The-digital-picture - ISO tests: 

http://www.the-digital-picture.com/Reviews/Canon-EOS-6D-Digital-SLR-Camera-Review.aspx

The-digital-picture - 6D with 200 f2IS VS 5Dmk3 with 200 F2IS (image quality): 

http://www.the-digital-picture.com/Reviews/ISO-12233-Sample-Crops.aspx?Lens=458&Camera=819&FLI=0&API=0&LensComp=458&Sample=0&CameraComp=792&FLIComp=0&APIComp=0

Cnet Asia:

http://asia.cnet.com/product/canon-eos-6d-46728290.htm

DigitalREV - 6D vs 5dmk2 vs 7D:

http://www.digitalrev.com/article/canon-6d-vs-5d-mark/NTczODM1ODc_A

Btw, I like what DigitalREV says about the 6D: "The 11 point system will work perfectly well for those who shoot portraits or studio work and the ability to focus well in low light conditions make it a solid choice for wedding shooters"


----------



## hemidesign (Dec 7, 2012)

Jthorpephoto:

http://jthorpephoto.com/2012/12/product-review-canon-6d/

"I have to say I'm very pleased with the 6D over my MKii, its a pretty big upgrade from it."

PhotographyBay:

http://www.photographybay.com/2012/11/01/canon-6d-hands-on/

The Phoblographer:

http://www.thephoblographer.com/2012/10/27/first-impressions-canon-6d-and-wi-fi-demo/

"If you’re going to choose the center focusing point for most of your shooting because you prefer the focus and recompose method, I strongly urge that you spring for the 5D Mk II instead because Canon is giving you an excellent autofocusing option and you won’t be utilizing the potential that this camera really has."

Trustedreviews.com:

http://www.trustedreviews.com/canon-eos-6d_Digital-Camera_review

"The Canon EOS 6D boasts an 11-point AF system. It may not be anywhere near as complex at the 5D Mark III's 61-point autofocus, but early impressions of its speed and accuracy during our brief hands-on were entirely positive. "


----------



## Marsu42 (Dec 7, 2012)

Here's another one: http://www.the-digital-picture.com/Reviews/ISO-12233-Sample-Crops.aspx?Lens=458&Camera=819&Sample=0&FLI=0&API=4&LensComp=458&CameraComp=479&SampleComp=0&FLIComp=0&APIComp=4



> ISO 12233 resolution chart results for the Canon EOS 6D DSLR Camera and Canon EF 200mm f/2 L IS USM Lens are now available on the site.
> 
> With these results, many comparisons can be made, but the Canon EOS 6D and 5D Mark II comparison is the one I wanted to see the most.

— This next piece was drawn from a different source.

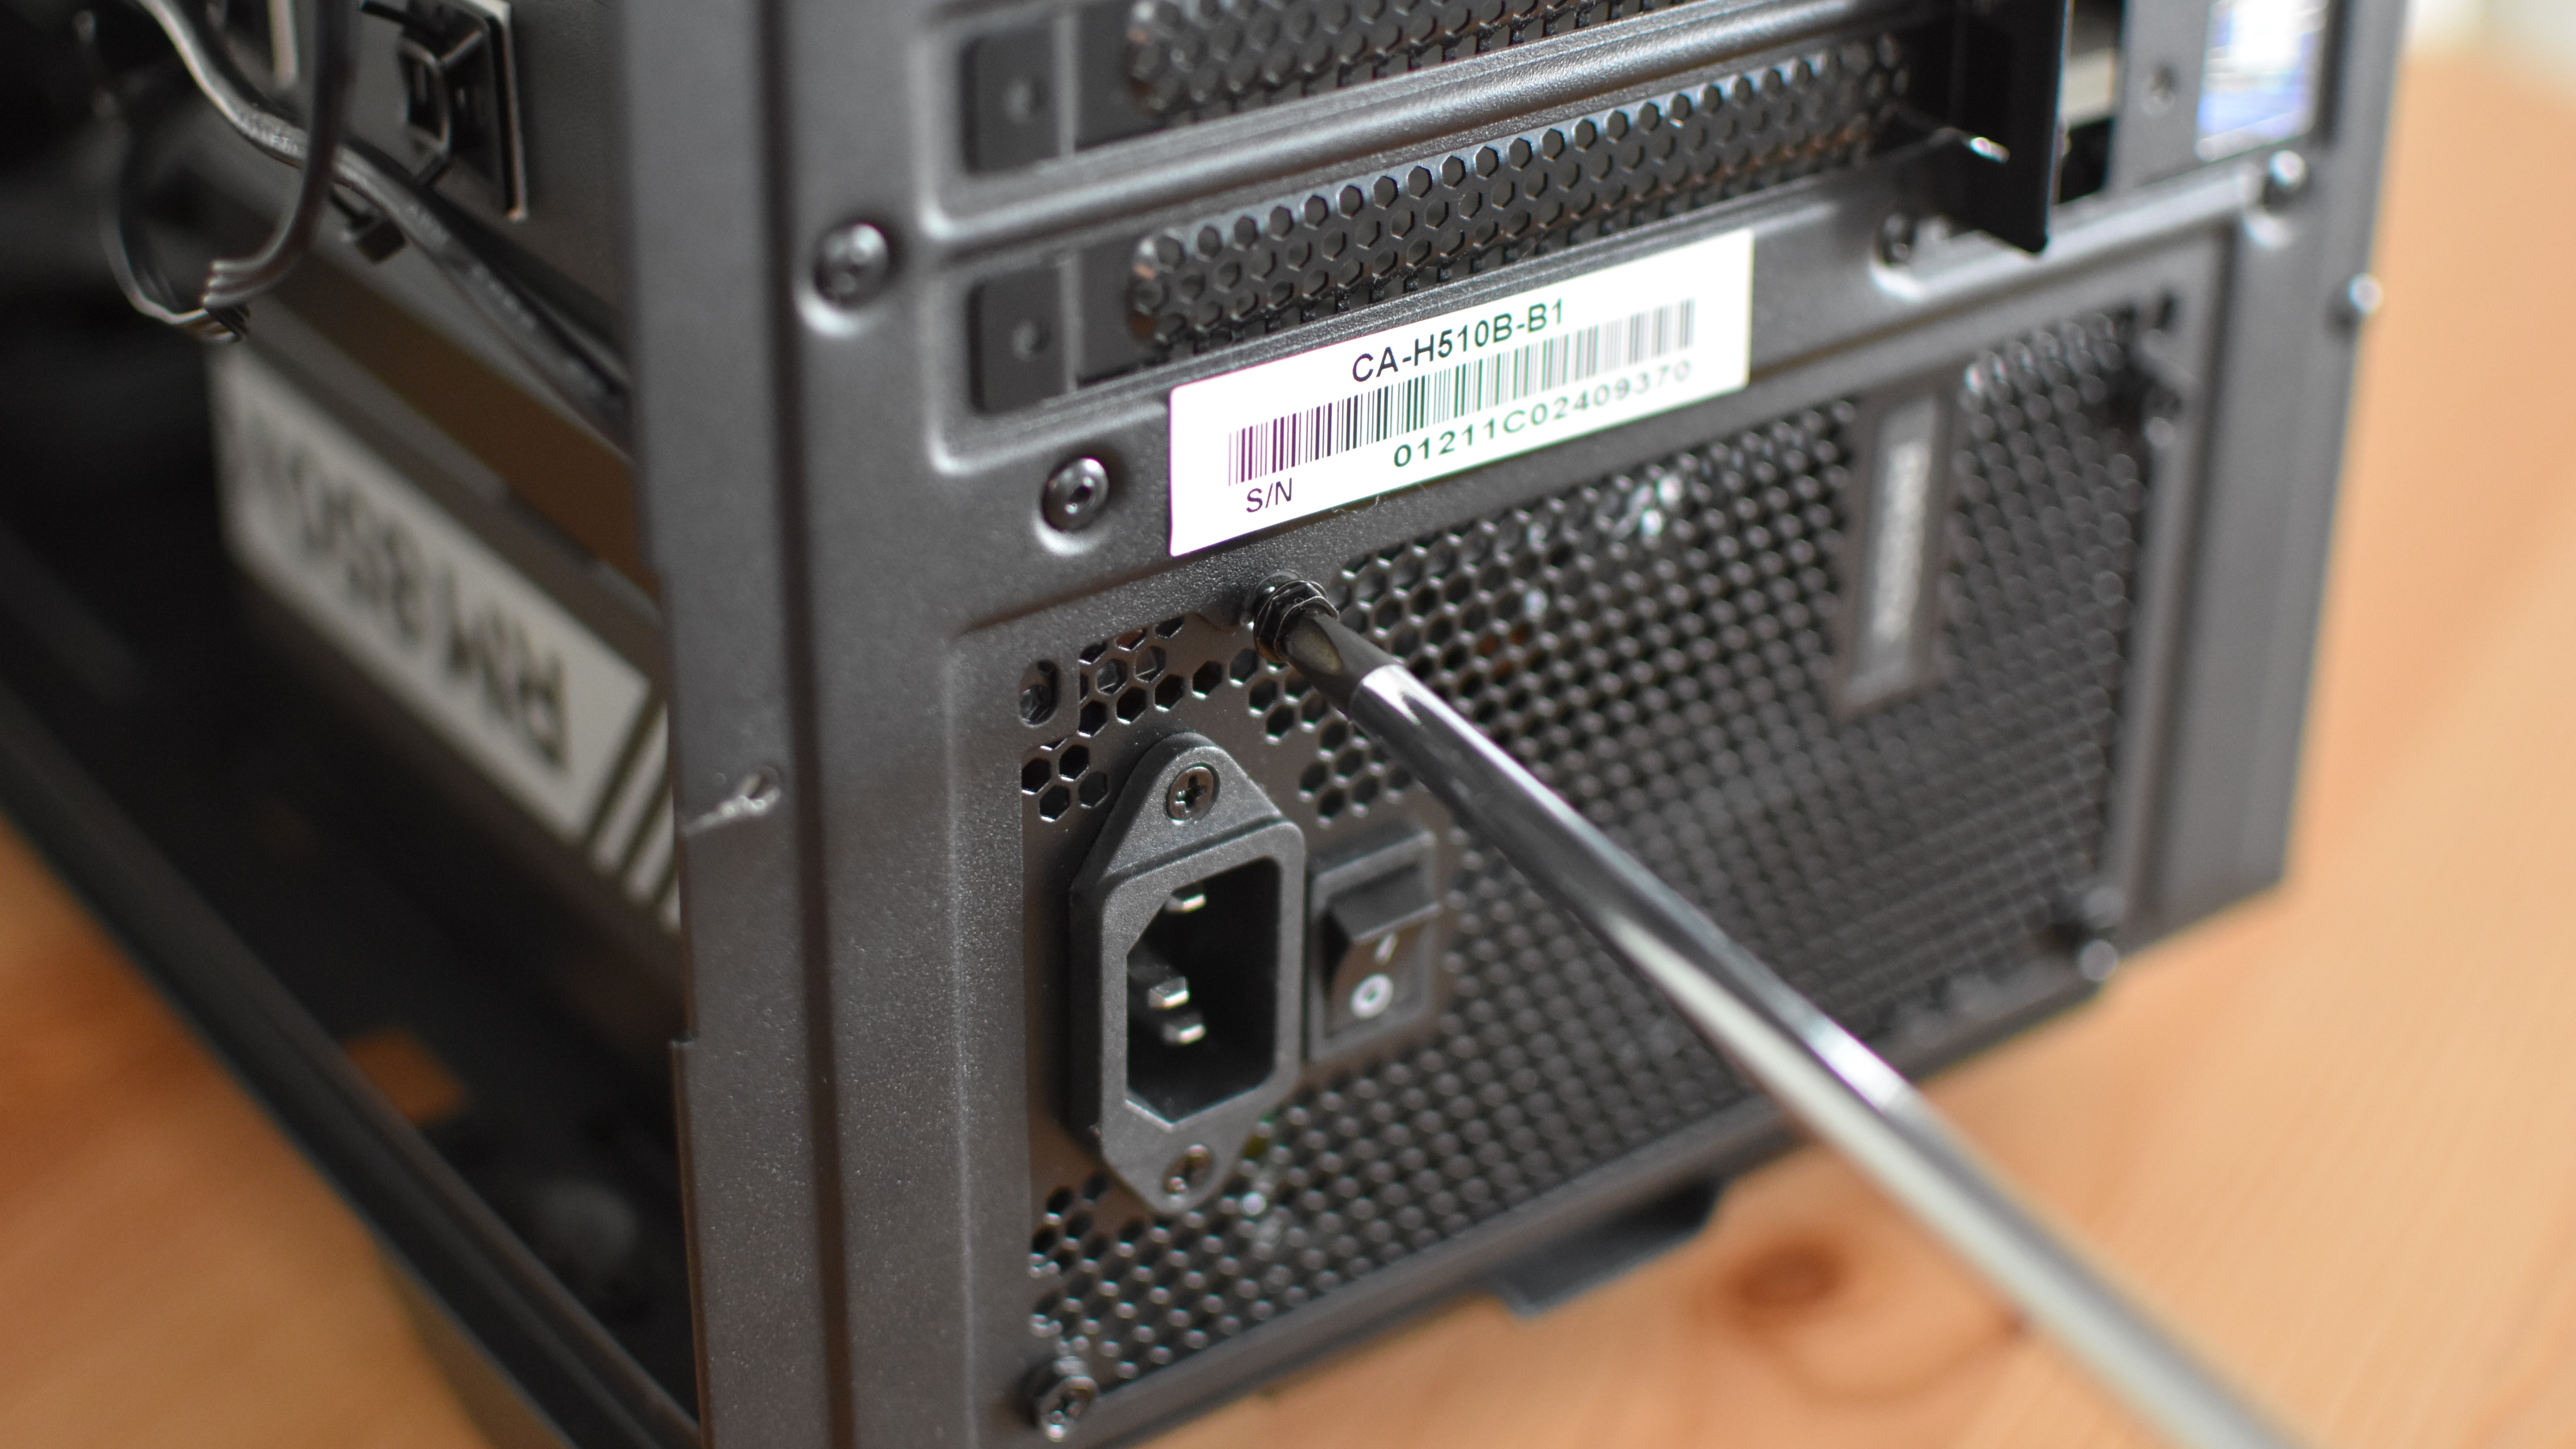 A PSU being fixed in position by tightening the PC's mounting screws.

While the 5D II holds a small megapixel advantage, the 6D delivers results that are at least as sharp.


----------



## skitron (Dec 7, 2012)

FWIW, my personal findings are for the most part consistent with the latest reviews. The AF may look like poo on paper but it actually works pretty good in practice, the ISO rocks, it isn't soft. Yes it feels alot like a 60D in hand and the shutter likewise sounds like a 60D shutter. Button layout not so good imo, but feel in hand while shooting is very good imo. Definitely a substantial improvement over my 5D2 in every respect but body durability and button layout, both of which imo are "good enough".


----------



## hemidesign (Dec 8, 2012)

Blog.Dojoklo.com:

http://blog.dojoklo.com/2012/12/03/canon-6d-hands-on-review/

"Overall I think the Canon 6D is an excellent dSLR camera, a very good value for the price, and should easily meet or exceed the needs of most enthusiast photographers"

Canonturk.com:

http://www.canonturk.com/wp/4030-turkiyedeki-ilk-6d-on-incelemesi.html

(make sure you're using google chrome for the Turkish translation system)


----------



## daniela (Dec 8, 2012)

Hi guys!

I agree with the statements above. The AF of the 6D ist very good for portrait or low-light shooting. But lacks of speed in actionphotography. I was amazed to get each bird with the 7D or the 5D Mark 3. Only the 6D was often unable to follow the bird, most of the shots were unsharp. I often lost contact with the center AF-point. Amazing AF of the 5D Mark 3 and most amazing of the 1DX!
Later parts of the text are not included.